Впрочем, спецслужбы любой страны знают, что величайшим достоинством контрразведчика является терпение и настойчивость. Именно эти качества проявляли наблюдатели от гестапо. Они верили в успех. А что через эти антенны никто и ничего не передает… что ж, видимо, передачи еще только предстоят.
На очередной раздаче задания присутствовала вся группа, но Александров обратился к старшему по возрасту:
— Михаил Петрович, вы достигли большого успеха в создании механизма самоуничтожения.
Наличие воинского звания у сапера подсказало правильный ответ коринженеру:
— Служу Советскому Союзу!
— Но я хочу также сравнить остатки наводящего механизма, уничтоженного вашим взрывным устройством, и то, что останется после других… средств.
— Каких? — в голосе у Михаил Петровича слышалась неподдельная заинтересованность.
— Глядите. Можно поставить хотя бы сюда полностью заряженную батарею — вот такую — а тут, сбоку, подключить замыкающее устройство, срабатывающее одновременно с раскрытием парашюта. Как вариант: магниевая лента, опоясывающая по контуру плату управления, к ней эти контакты. Но все это придется основательно проверить. На это можно спокойно выделить тройку дней.
Оптимизм в голосе подрывника сверкал, как горящая магниевая лента:
— И проверим! Даже тройки не понадобится.

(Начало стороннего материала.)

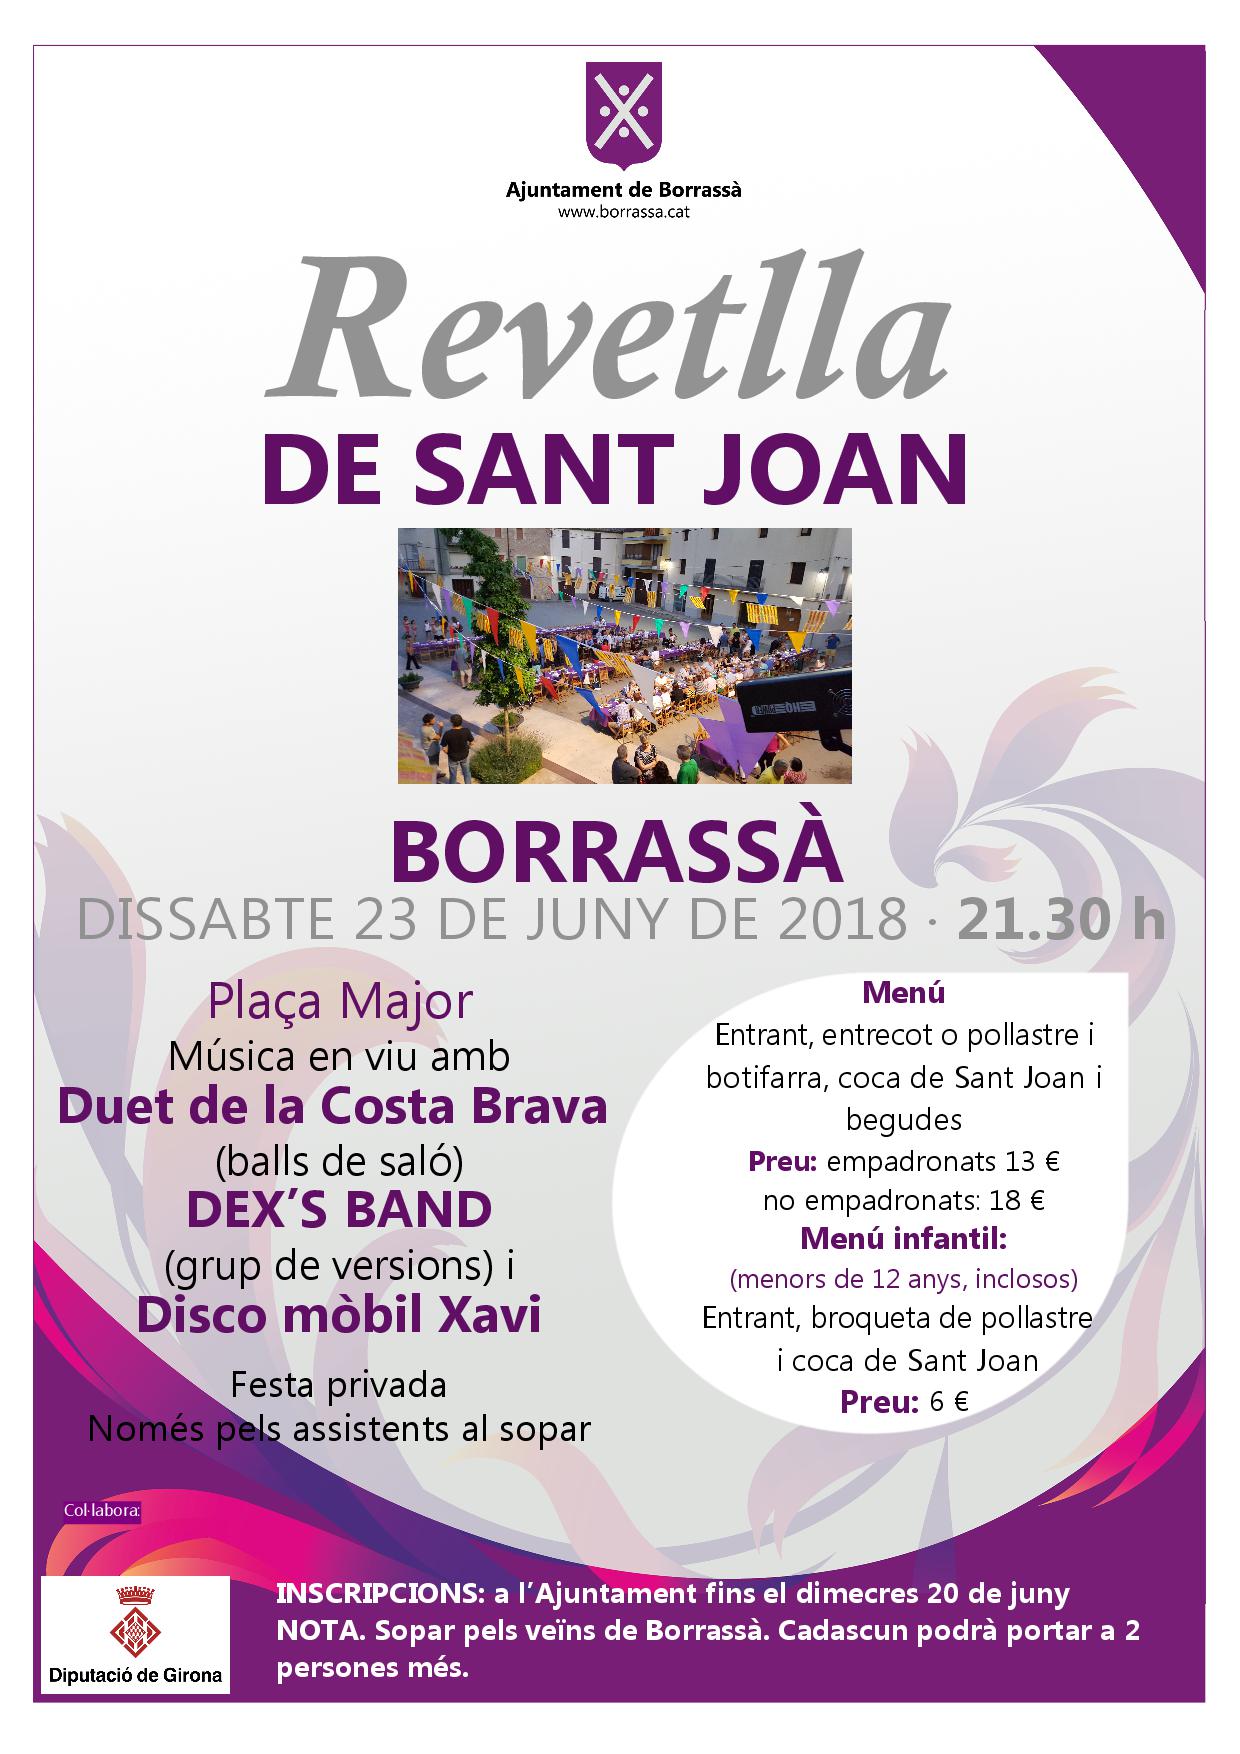 La Revetlla de Sant Joan es farà el dissabte, 23 de juny, a la plaça Major. A la festa hi haurà música en viu amb el Duet de la Costa Brava (balls de saló) i el grup de versions DEX'S BAND i hi haurà la Disco Mòbil Xavi.

— Заодно надо прикинуть вот что: насколько велика опасность для гражданских от… кхм… процесса самоликвидации.
— Это тоже выясним!
Следующие два дня кабинет коринженера насквозь вонял. И еще как! Трудолюбивые молодые специалисты добровестнейшим образом подбирали все осколки, огрызки и кусочки. Все это пахло в лучшем случае сгоревшим гексогеном от пластида, в худшем превалировал запах полностью спаленной электроники.
К большому огорчению слегка помешанного на взрывах Михаила Петровича, вариант с пластиковой взрывчаткой был в конечном счете отвергнут.
— По вашим же данным осколки нашли в радиусе пятидесяти метров, — ласково журчал сверхдотошный коринженер. — С учетом неизбежной погрешности при бомбометании риск для гражданских становится совершенно неприемлемым. Хотя не спорю, уничтожение узла управления полное, даже слишком. Вы ведь даже мелкие осколки от объектива не все отыскали, верно?
Про себя Рославлев думал, что наихудшим результатом от подобного подарочка было бы ранение или смерть самого Гитлера. Вот тогда бы война с Германией становилась бы неизбежной.
— Вариант же с магнием мне показался наилучшим. Температура тут чуть не три тысячи, да еще батарея, точнее, ее составляющие. Вот, товарищи, сравните: это плата в родном виде. А это то, что от нее осталось.
Последний предмет являл собой бесформенный комок черно-коричневого цвета.
В воздух по неизбывной студенческой привычке взметнулась рука:
— А можно посмотреть?
— Даже нужно, Лев. И вам, и вашим товарищам. Если найдете то, что можно опознать… хоть как-то, то дайте мне знать.
Упорство и азарт молодых инженеров были вознаграждены. Они отыскали мельчайшие кусочки какой-то керамики.
— Думаю, это было сопротивлением, — без большой уверенности констатировал Турубинер.
— И я того же мнения. Как насчет того, чтобы восстановить устройство?
— Издеваетесь, Сергей Васильевич? — грустно вопросил Лучик.
Татьяна Мишакова доверяла своим наручным часикам больше, чем любым другим в квартире. Причиной тому было их немецкое происхождение. Эта достойная дама не подозревала, что немецкими в этих часах были лишь марка Thiel и корпус. Механизм делался в Швейцарии. Как бы то ни было, а при приближении часовой стрелки к трем часам дня ловкие женские пальцы быстро присоединили антенный провод к небольшой металлической коробочке, до той поры мирно покоившейся в ящике письменного стола. В другое гнездо на той же коробочке был воткнут провод питания. С уверенностью, которая дается лишь надлежащей практикой, товарищ Мишакова последовательно нажала несколько кнопок, расположенных в верхней части коробки.
Сигналы, периодически выдаваемые в эфир в миллиметровом диапазоне, не содержали шифров. Длительность их исчислялась миллисекундами. Точно такие же подавались с той антенны, которая находилась на крыше советского посольства, находившегося совсем не рядом. Так и было задумано; именно по этой причине фрау Мишакова проявила перед чиновником из германиского министерства столь изобретательную разборчивость при выборе квартиры.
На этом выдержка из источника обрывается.